その様子から、物凄く急いでいるのは伝わってきたが、それに反して、ドアを開け閉めする音も、廊下を走る音も、ほとんど聞こえなかった。
(……うわー。本当に泥棒の才能の塊なんだ、アイツー。……これは本気で、目を離す訳にはいかないなぁー。……)
(……私の前では、絶対悪い事させないんだからねー、ティオー!……)
サラは、ティオの本当の実力を目の当たりにして、呆れると同時に、改めて闘志を燃やしたのだった。
□
「ただいま帰りました、よっと。」
ティオは、本当に三分という短い間に、それまで使っていた部屋から、自分の荷物と寝具を持ってひょっこりと戻ってきた。

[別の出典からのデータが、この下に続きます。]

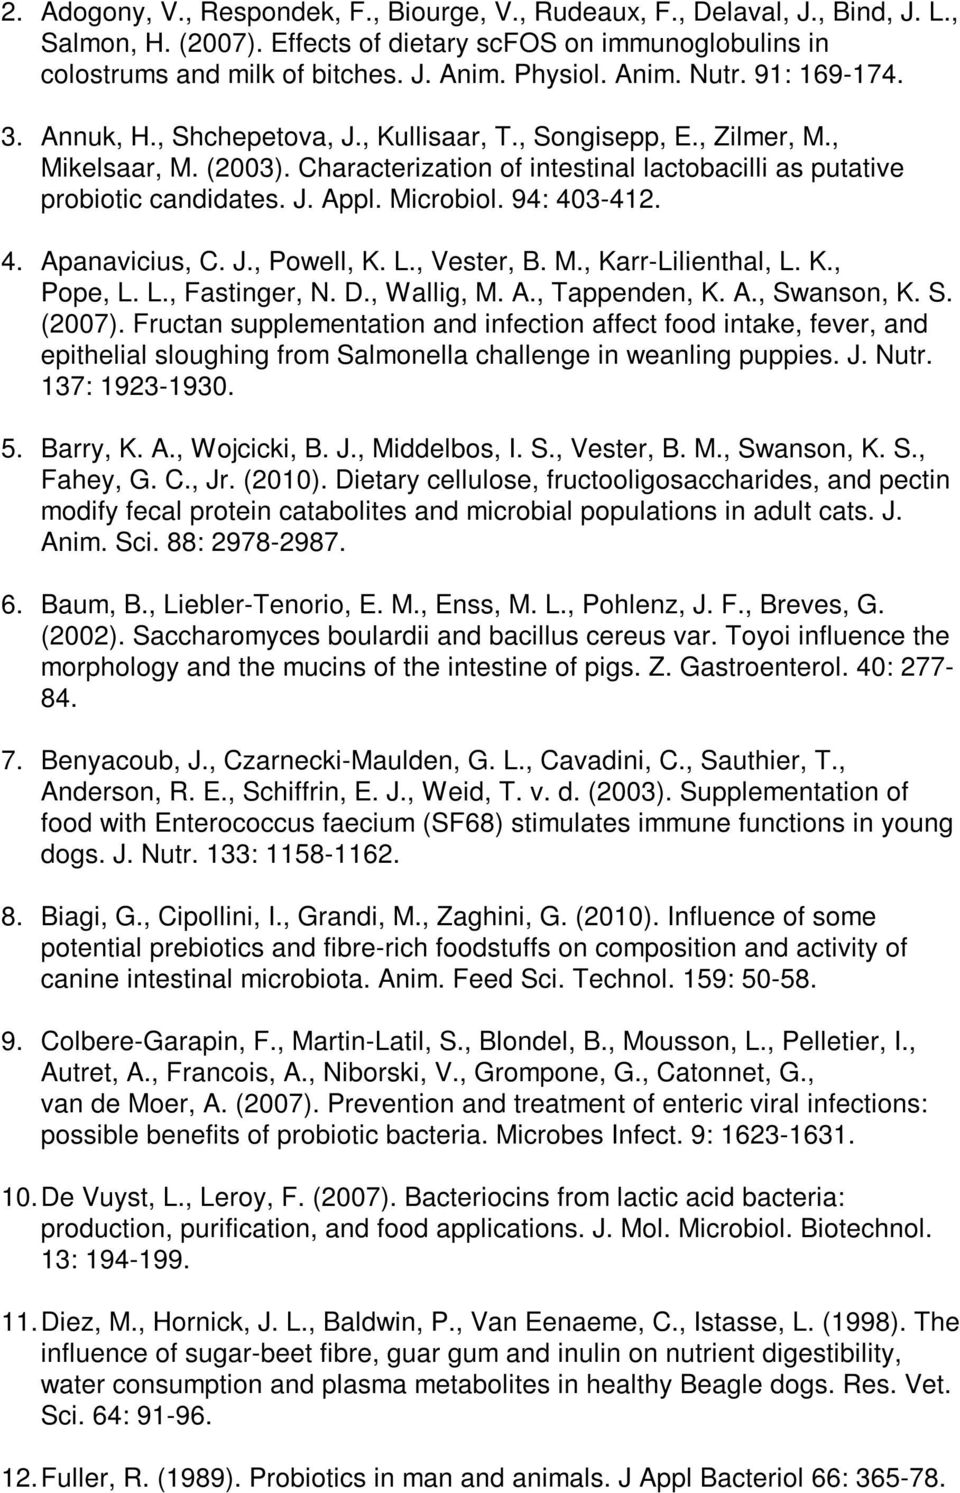 Microbiol. 94: 403-412. 4. Apanavicius, C. J., Powell, K. L., Vester, B. M., Karr-Lilienthal, L. K., Pope, L. L., Fastinger, N. D., Wallig, M. A., Tappenden, K. A., Swanson, K. S. (2007).

と言っても、サラの使っている棉の入った敷布の上にシーツもついた上官用のベッドとは違い……
他の団員達は、藁を敷き詰めた上に、古ぼけた毛布を一枚は下に敷き一枚は上に掛けて使っていたので、さすがに藁までは持ってくる事はなく、手にしていたのは毛布二枚だけだったが。
脇に抱えてきた毛布二枚をとりあえずバサッと床に置き、その上に、いつも着ている上着とマント、更に、肩から斜めに掛けるバッグや、腰回りにズラッとポーチや小袋が並ぶベルトも置いた。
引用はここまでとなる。